We could give a general explanation of sorts for opaque algorithms in any context. Why did the ML algorithm decide to label a convicted criminal as high-risk? Because data used as an input to the algorithm correlated with features of data used to train the algorithm that were tagged as having a high risk. While this is an explanation, it clearly falls short of what is desired by the principles highlighted above. What is really desired is an explanation that would provide a human with information that could be used to determine whether the result of the algorithm was justified.
An explanation may justify a particular decision or it may not, and, a decision may be justified by reasons that do not feature in an explanation of that decision (see e.g. Dancy 2004, ch. 5; Darwall 2003). If, for example, I were to make a move in chess because I thought that it would make the board more balanced (in terms of aesthetics) we would have an explanation for the move that I made that failed to justify the move. However, that move may also have been the best move I could have made—making the move justified. While it was a great chess move, I doubt anyone would take my advice on a future move—nor should we if we knew that an algorithm was using board balance as a consideration in favor of a particular move. This shows that we cannot simply look to the decision itself and ask whether that decision was justified or not. An algorithm may flag someone as a dangerous criminal who in fact happens to be a dangerous criminal—justifying the algorithm’s classification. However, if the consideration leading to that classification was the person’s race then we have an explanation that fails to justify the decision whether the decision was correct.
In short, what is desired is an explanation providing the considerations that contributed to the result in question.

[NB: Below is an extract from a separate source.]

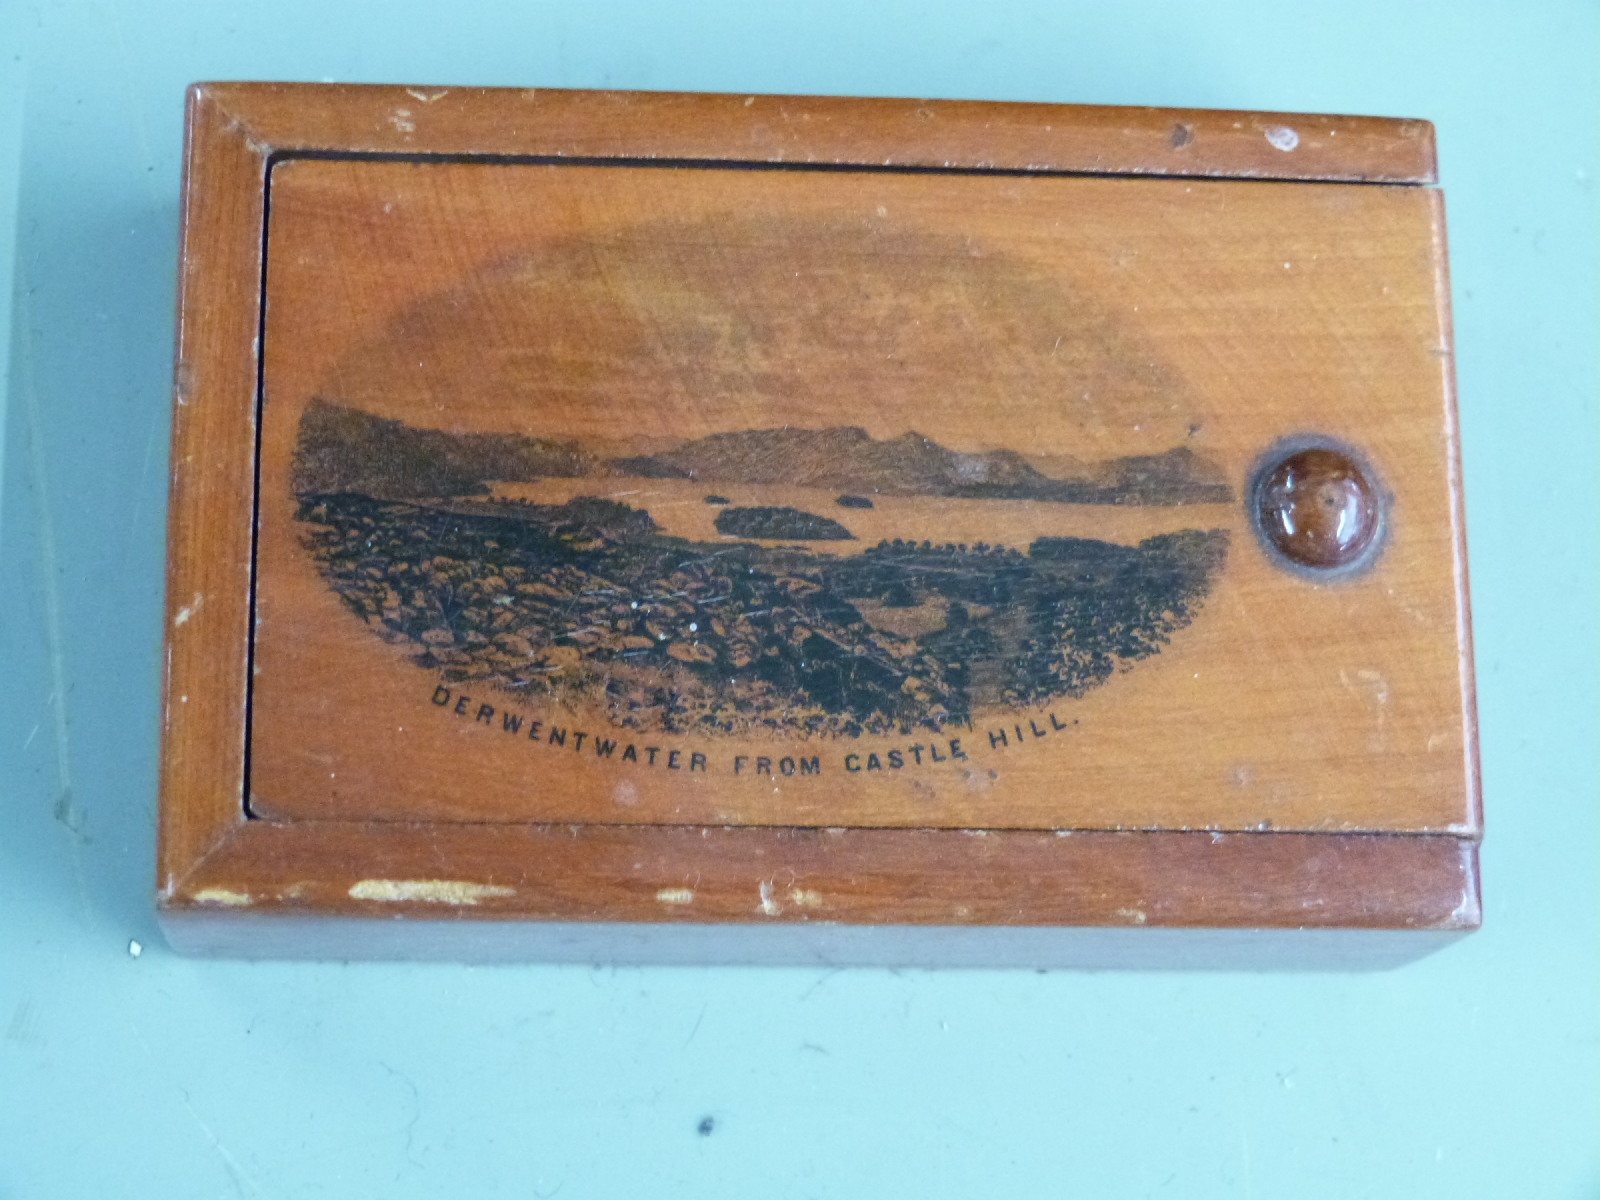 Boxed Christofle bottle opener, boxes including Mauchlinware, Derwentwater, elm box from Waterloo - Image 4 of 4

This gives a human being the information needed in order to accept, disregard, challenge, or overrule the decision. In the same way that a police officer might claim in court that a particular criminal is high-risk, and the judge asks for the considerations used to justify such a label, we want the algorithm to justify itself in reference to the considerations used.
A justification for this ‘high risk’ label given by the police officer might be that while in custody the criminal threatened to do much more harm once she was free. The judge may accept this as a good justification and sentence the criminal to the maximum allowable prison sentence. If, on the other hand, the police officer justified this label by saying that the criminal was really dark-skinned and menacing looking, then the judge (hopefully) would reject the police officer’s label of ‘high-risk’. If an algorithm was delegated the task of labeling criminals as ‘high-risk’ and did so as a result of race, then we would want the judge to know that so that she could reject the algorithm’s decision. A technical, causal, or scientific explanation does not allow the judge to have meaningful human control over the algorithm.